Let’s run it then! On the target machine we run:

[code]
client32.exe C:\WINDOWS\system32\calc.exe
[/code]

on the local machine

[code]
jython NaviCoverage.py databaseHost databaseUser databasePassword databaseName calc.exe
[/code]

And here’s a screenshot

That’s all for now.

5 Responses to “Code coverage and BinNavi”

  1. […] blog.zynamics.com the official zynamics company blog « Code coverage and BinNavi […]

  2. beist says:

    Nice posting. Binnavi seems very awesome. I see many good API it has. 🙂

    By the way, I’m using IDA and I often have to do code-coverage as well. I wanted to attach to a process but not load a binary. But, IDA didn’t analyze functions in a process that I attached. So, I used a dirty way to solve this problem.

    First off, I loaded the binary of the process in IDA, And recorded all function information through IDAPython(+sqllite). Next, I ran the binary and attached to the process and recovered the function information using the recorded data. IDA gives us a nice API to easily do this, MakeFunction(). 😀

    Anyway, my friend’s company is using BinNavi and maybe I’ll meet him soon. He may will give some demo to me, meaning, I’m so excited. 🙂

  3. Sebastian Porst says:

    Hi beist,

    that’s a good approach but I am wondering about the speed. Without testing it I fear that IDA + IDAPython is really slow for something that produces as much data as your trace. Have you ever thought about trying some other tool to generate the trace for you? (OllyDBG’s trace mode, Pin, DynamoRIO, …)?

  4. beist says:

    Hi!

    I’ve tested only in immunity debugger and PIN. I think PIN gives us the best speed and very nice API, but I just wanted to take a chance to play on python. Just started IDAPython a month ago, yeah, I know now python language is the best for prototypes. 😉 How about Binnavi though?
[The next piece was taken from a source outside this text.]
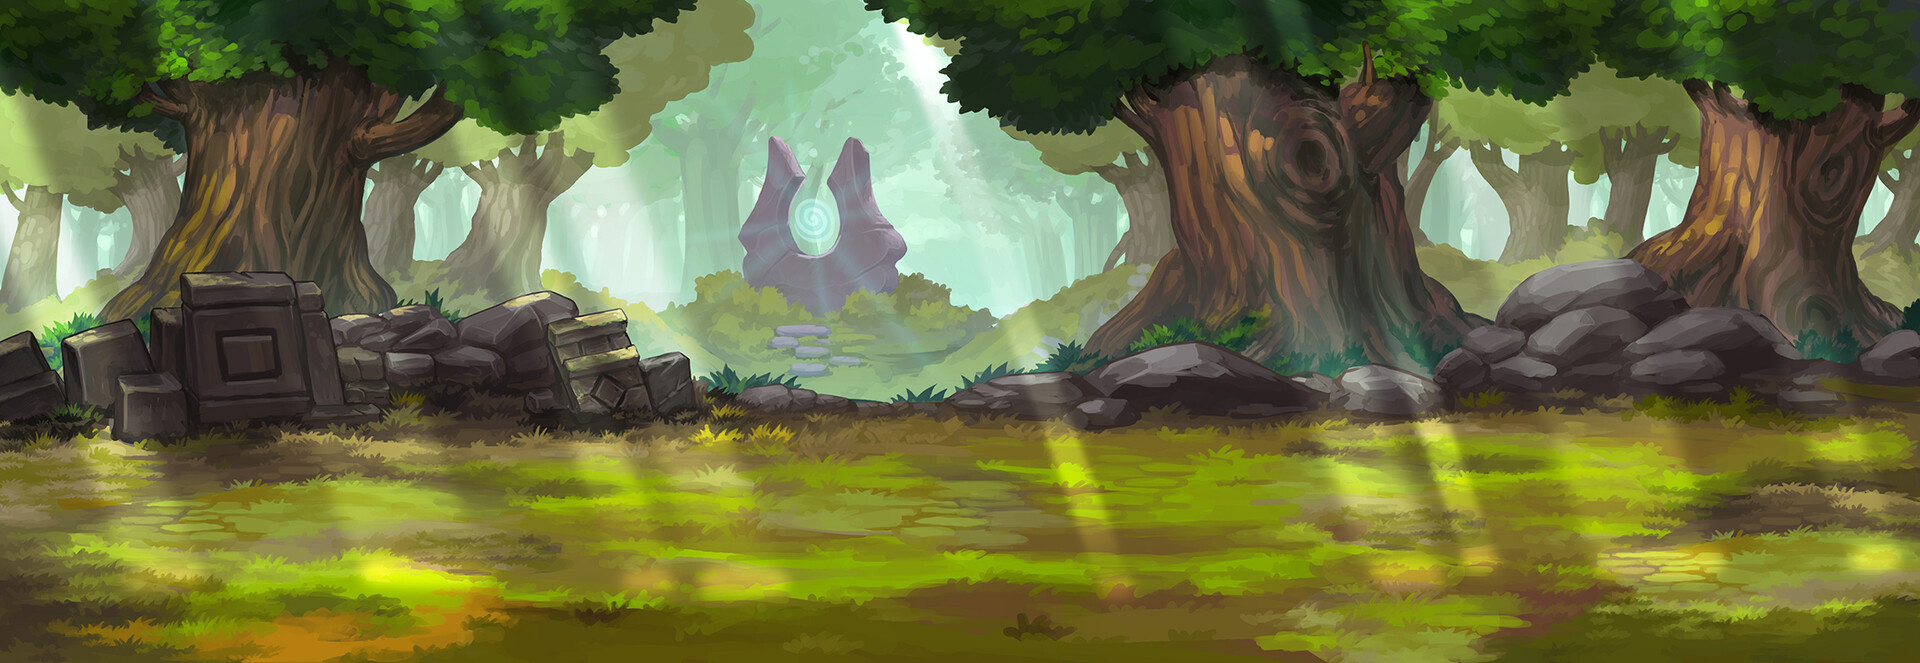 ArtStation - Side scrolling game Background concept - Forest

  5. Sebastian Porst says:

    Hi beist,

    I wouldn’t use BinNavi for anything speed-critical because all BinNavi debuggers are remote debuggers and even if you’re on blog.zynamics.com you still need a round-trip through TCP/IP for each event. Mind you, BinNavi is fast enough for most things (our trace mode can process like 150 breakpoint hits per second on my PC) but for serious instruction tracing I would rather use a dedicated dynamic instrumentation tool.